The reactivation of latent HSV-1 within the trigeminal ganglia (TG) causes recurrent debilitating keratitis. Studies of mouse TG latency models established that the presence of the HSV-1 genome within TG in vivo is associated with mononuclear infiltrates (Halford et al., 1996; Liu et al., 1996; Shimeld et al., 1997) and elevated production of proinflammatory cytokines, e.g. tumour necrosis factor (TNF), interleukin-6 (IL-6) and interferon-{gamma} (IFN-{gamma}) (Cantin et al., 1995; Halford et al., 1996; Liu et al., 1996; Shimeld et al., 1997, 1999). The persistently elevated expression of cytokines during latency is attributed to infrequent spontaneous virus reactivation (Chen et al., 2000; Feldman et al., 2002; Halford et al., 1996). These observations suggest that these proinflammatory cytokines are involved in the host defence response against HSV-1 reactivation. That the addition of syngeneic splenocytes to TG explant cultures significantly delays HSV-1 reactivation from latency (Noisakran & Carr, 1999) further indicates that immunological mediators suppress HSV-1 reactivation.

TNF, while recognized as a critically important antiviral cytokine (Herbein & O'Brien, 2000; Rossol-Voth et al., 1991; Wong & Goeddel, 1986), has been blamed for unnecessary inflammation that can be harmful to the host, and thus has become a molecular target of anti-cytokine therapy. TNF antagonists (anti-TNF mAbs and ‘etanercept’, a dimeric molecule that contains two p75 TNF-receptor extracellular domains attached to the Fc portion of human IgG1) have been introduced to treat patients with rheumatoid arthritis and several other chronic inflammatory diseases (Fox, 2000). These new therapies provide excellent control of inflammation, although they increase the risk of serious infections involving intracellular bacteria (Gardam et al., 2003). Since HSV infection is common in patients of all ages, anti-TNF therapy may increase recurrent HSV diseases. The observation that clinical application of TNF antagonists is in fact associated with infectious complications urged us to study, in more depth, the effects of TNF on HSV infection, especially as a host defence factor. In this study, we analysed the effects of TNF deprivation on HSV-1 reactivation from latency in vitro, and examined HSV-1-infected TNF-knockout (TNF-ko) mice in vivo.
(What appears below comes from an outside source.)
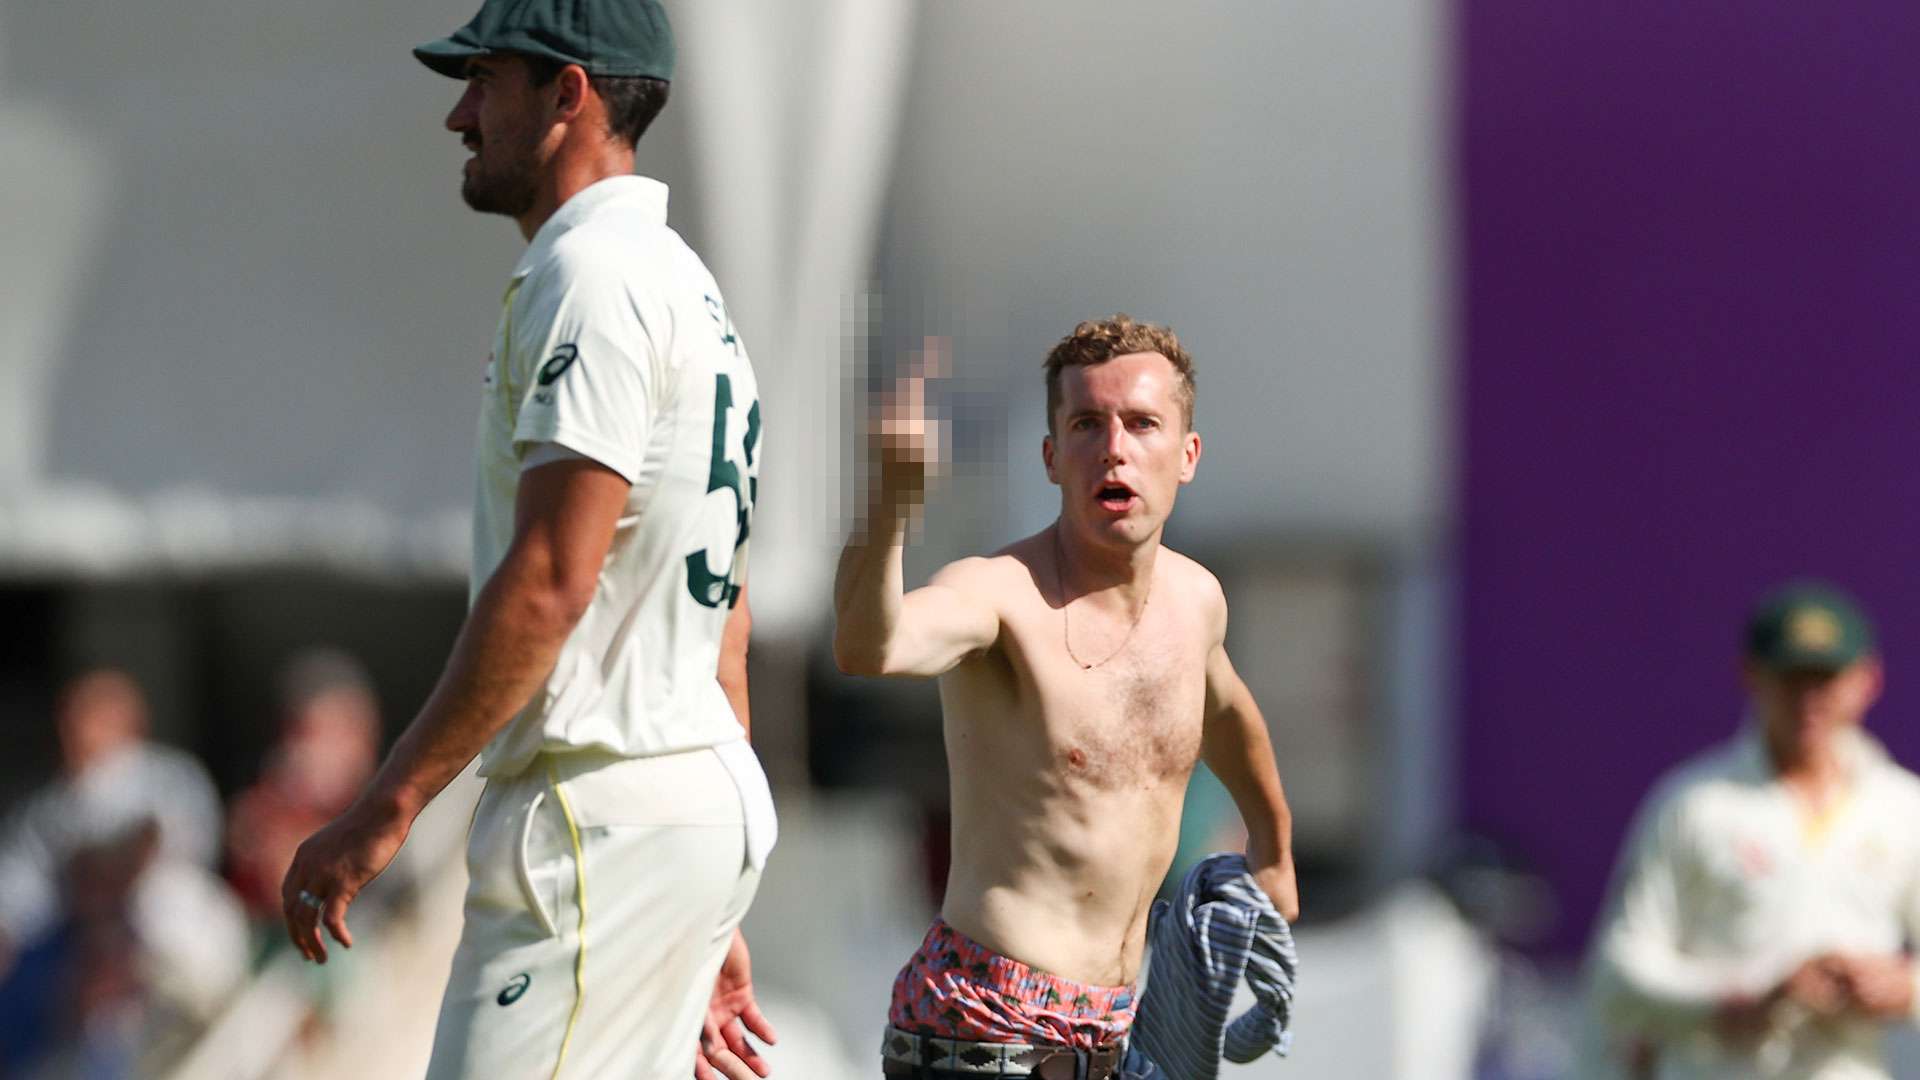 Der Idiot beschimpfte die australischen Cricketspieler

The HSV-1 7401H strain, a clinical isolate, was propagated and assayed on Vero cells grown in Eagle's MEM supplemented with 5 % calf serum and kanamycin (60 mg l-1) (Minagawa et al., 1997) before it was used as the challenge virus. For the corneal inoculation (Minagawa et al., 1997), mice were anaesthetized with 50 mg pentobarbital sodium (kg body wt)-1. Both corneas were scarified with a 27-gauge needle, and inoculated with a 7 µl drop of virus suspension. All experimental procedures were approved by the institutional animal care and use committee. Mice were housed in the animal facility at our department under specific pathogen-free conditions.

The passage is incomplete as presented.